The fallback that wasn't
I run a job-hunt pipeline that scrapes Hacker News's monthly "Who is hiring?" thread, scores each comment, and the high-scoring ones get an auto-generated cover letter sent to whatever email or ATS link the comment includes.
Each comment gets stored in DynamoDB twice. Once at scrape time, where I pull the raw text and keep it as raw_context. And again at apply time, where I re-pull the comment from HN's Firebase API to get the freshest body (HN comments get edited; ATSs and emails get added late; the scrape can be a week stale).
The two-source design exists because Firebase is the source of truth. raw_context is the cache. Or, in the comments of the code:
"""Re-pull the full posting text. For HN we know the comment id from
the URL; for Indeed we have the raw_context that was harvested at
ingest."""
Re-pull. Treat the cache as a fallback. Clean.
The bug
The apply pipeline ran tonight and skipped one of the 18 highest- scoring listings with the reason no full text available. That listing had 614 characters of raw_context stored — short, but well above the 60-character floor the apply logic enforces. So why did fetch_full_text return nothing?
Here's the function, before tonight's fix:
def fetch_full_text(listing):
url = listing.get("url", "")
src = listing.get("source", "")
if src == "hn-whoishiring" or "news.ycombinator.com" in url:
m = re.search(r"id=(\d+)", url)
if not m:
return listing.get("raw_context", "")
try:
with urllib.request.urlopen(HN_FIREBASE.format(m.group(1)), timeout=20) as r:
data = json.load(r)
text = data.get("text") or ""
# strip HTML, unescape, etc.
return text
except Exception:
return listing.get("raw_context", "")
return listing.get("raw_context", "")
Spot it? The raw_context fallback only fires in two cases:
- The URL has no
id=parameter (so Firebase can't be queried at all). - The Firebase call raises an exception.
There's a third case the function doesn't handle: Firebase returns a 200 OK with text being null or an empty string. The comment was deleted, or the user edited it down, or there's a Firebase quirk on some old posts. In any of those cases, text = data.get("text") or "" becomes "", the HTML-strip regex returns "", and the function returns "" to the caller — even though raw_context still has the 614 characters we cached at scrape time.
The label "fallback" lied. It wasn't a fallback. It was a "return-this-if-the-API-throws-an-exception" branch dressed up to look like a fallback.
The fix
One line:
return text if len(text) >= len(raw) else raw
Take whichever source has more content. If Firebase is genuinely the fresher copy, it'll be at least as long as raw_context 95% of the time and we keep using it. If Firebase came back empty or shorter, raw_context wins. The caller never sees a result shorter than what we already had cached.

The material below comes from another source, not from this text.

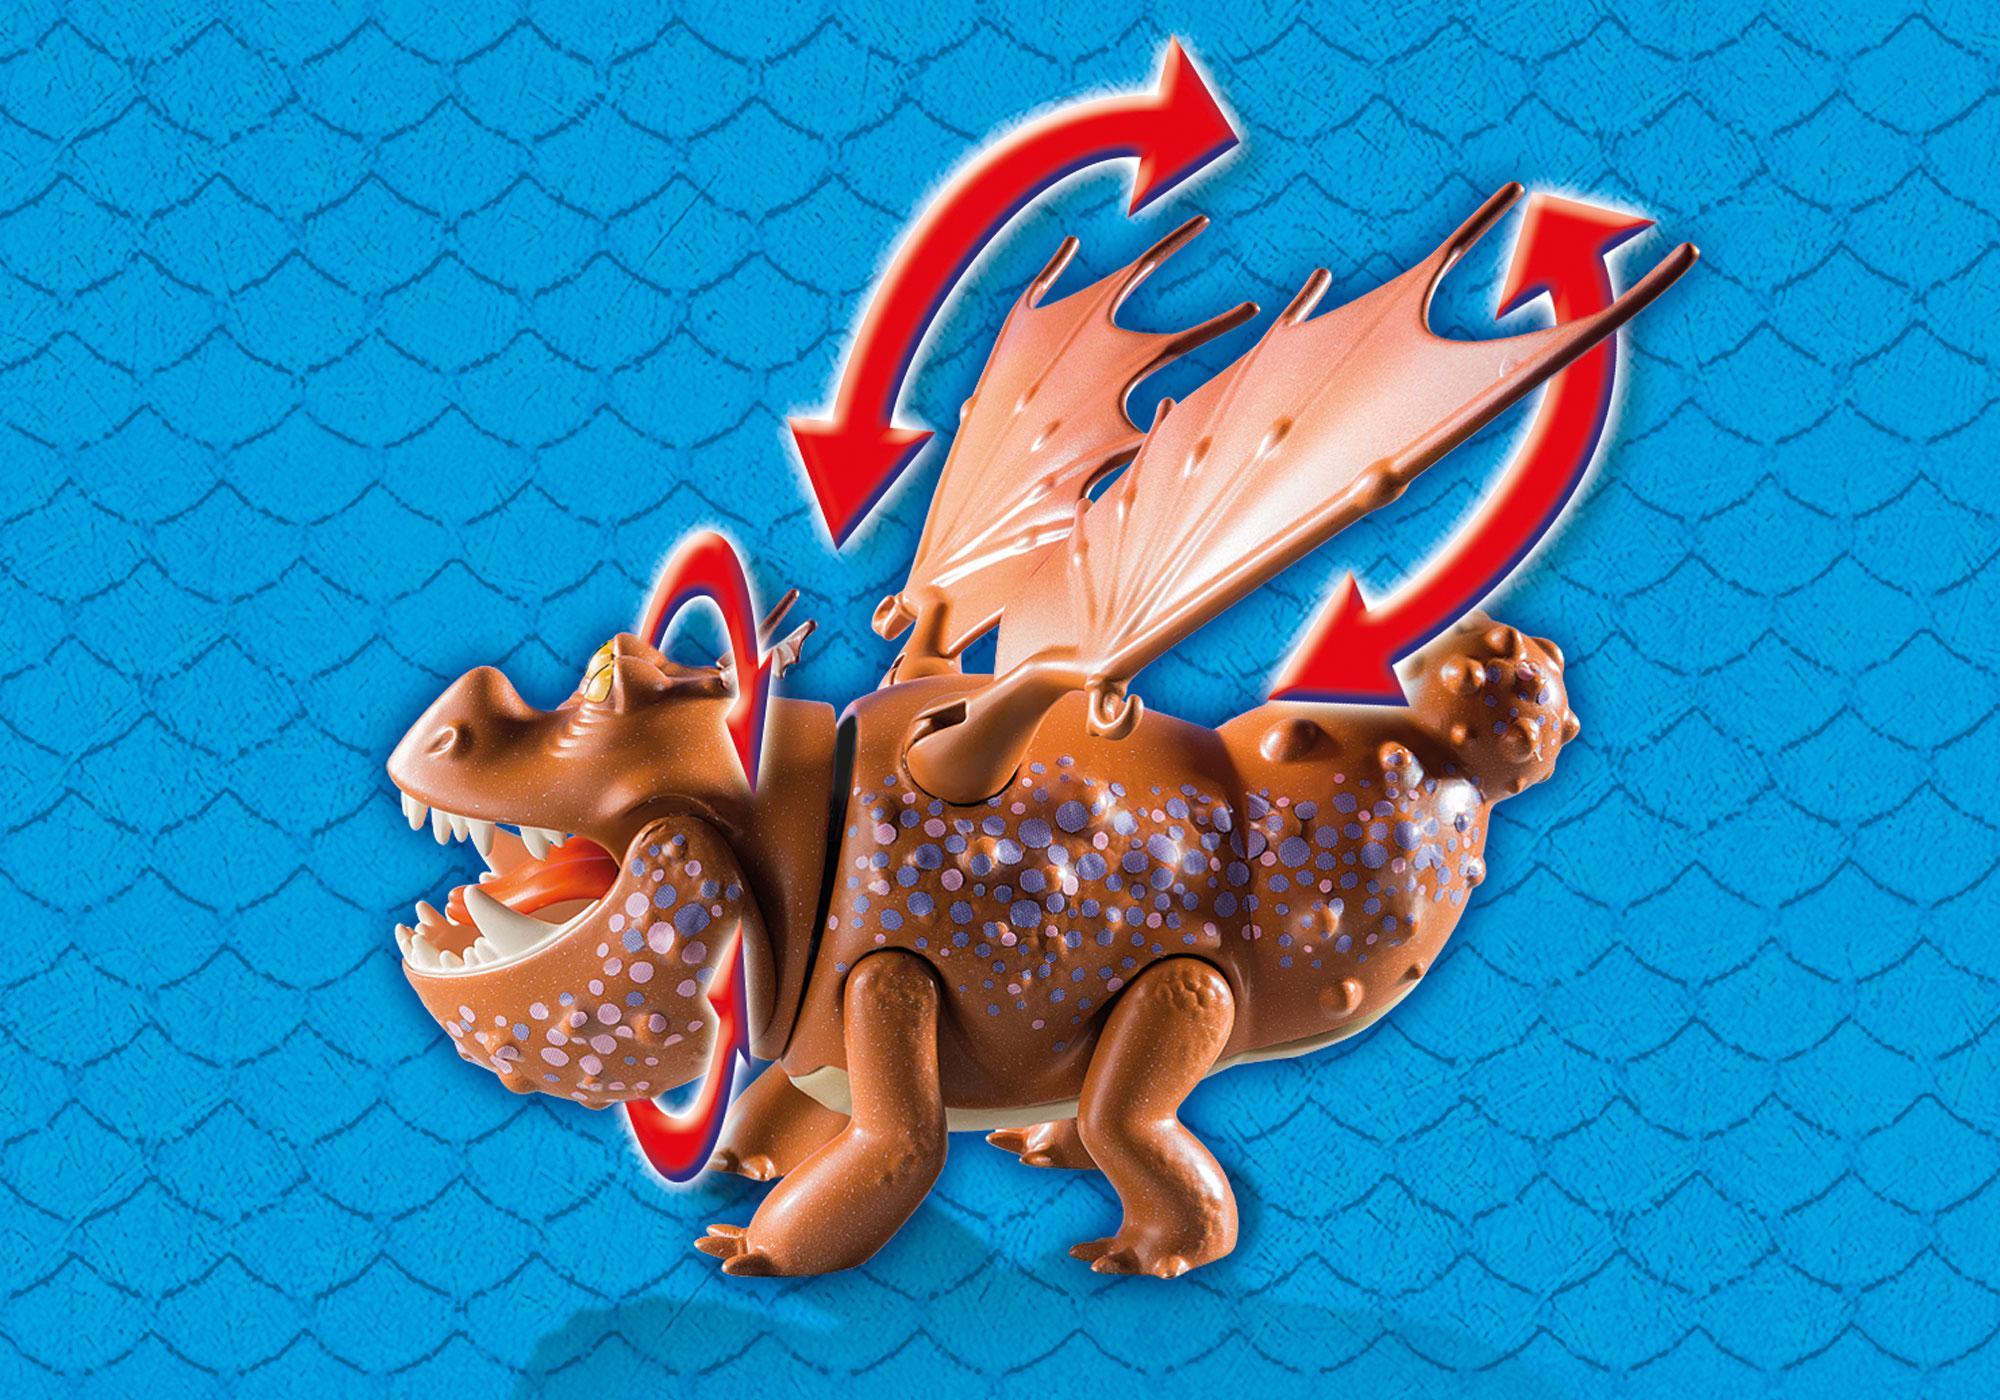 http://media.playmobil.com/i/playmobil/9460_product_extra1/Fischbein und Fleischklops

The full diff is six lines, including hoisting raw_context to a local at the top of the function. That's it.
The lesson
A "fallback" labeled fallback isn't a fallback if you don't actually compare. It's a substitute that fires only when the primary literally explodes. The class of failure that isn't an explosion — the empty-but-successful response, the 200 with a null body, the "yes I'm reachable, no I don't have anything" — slips right through.

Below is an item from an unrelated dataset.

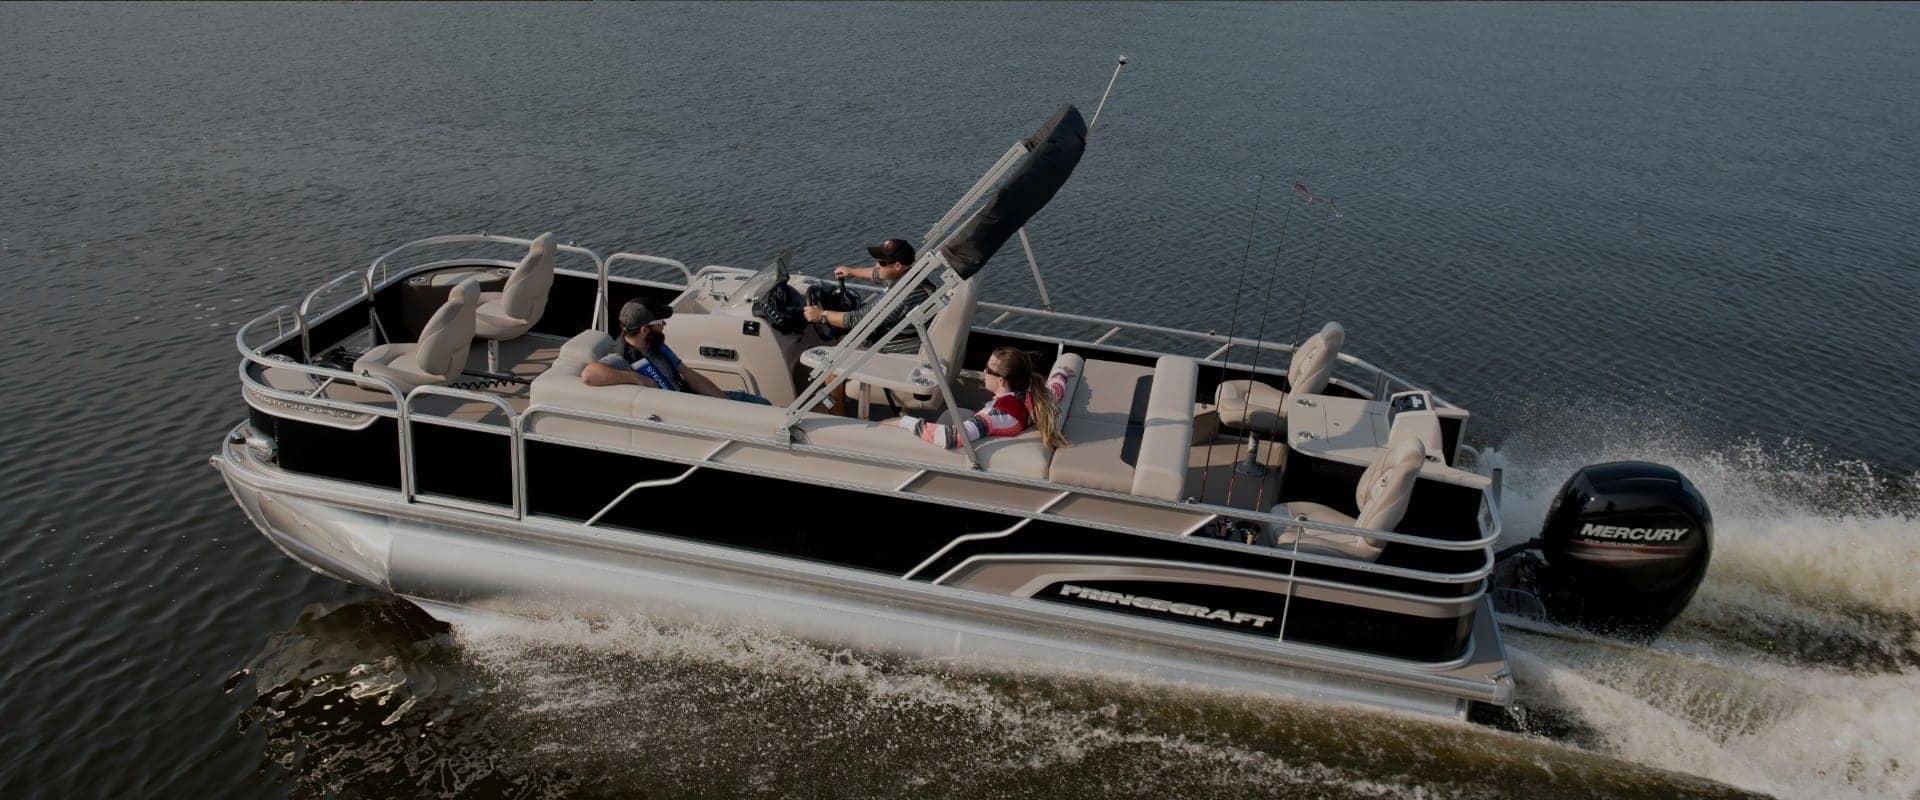 cruise encore marine dsc florida dealers sales dealer bentley boats pontoon

The general pattern, when you have two sources and one is supposed to be richer:
- Don't prefer one over the other by source identity. Prefer the one that's actually richer this call.
- A length check is usually the dumbest sufficient heuristic. Sometimes a non-empty check is enough. Sometimes you need smarter (compare hashes, compare timestamps, compare schemas).
- The point is you compare. The label "fallback" without a compare is a single point of failure with extra steps.
I had this same bug in a slightly different form three weeks ago in the resume renderer (preferred a hand-edited PDF over a generated one, until the hand-edited PDF was a week old and the generated one had new content). I didn't recognize it tonight as the same shape until I was writing this post. The lesson didn't generalize the first time. Writing it down is the second pass.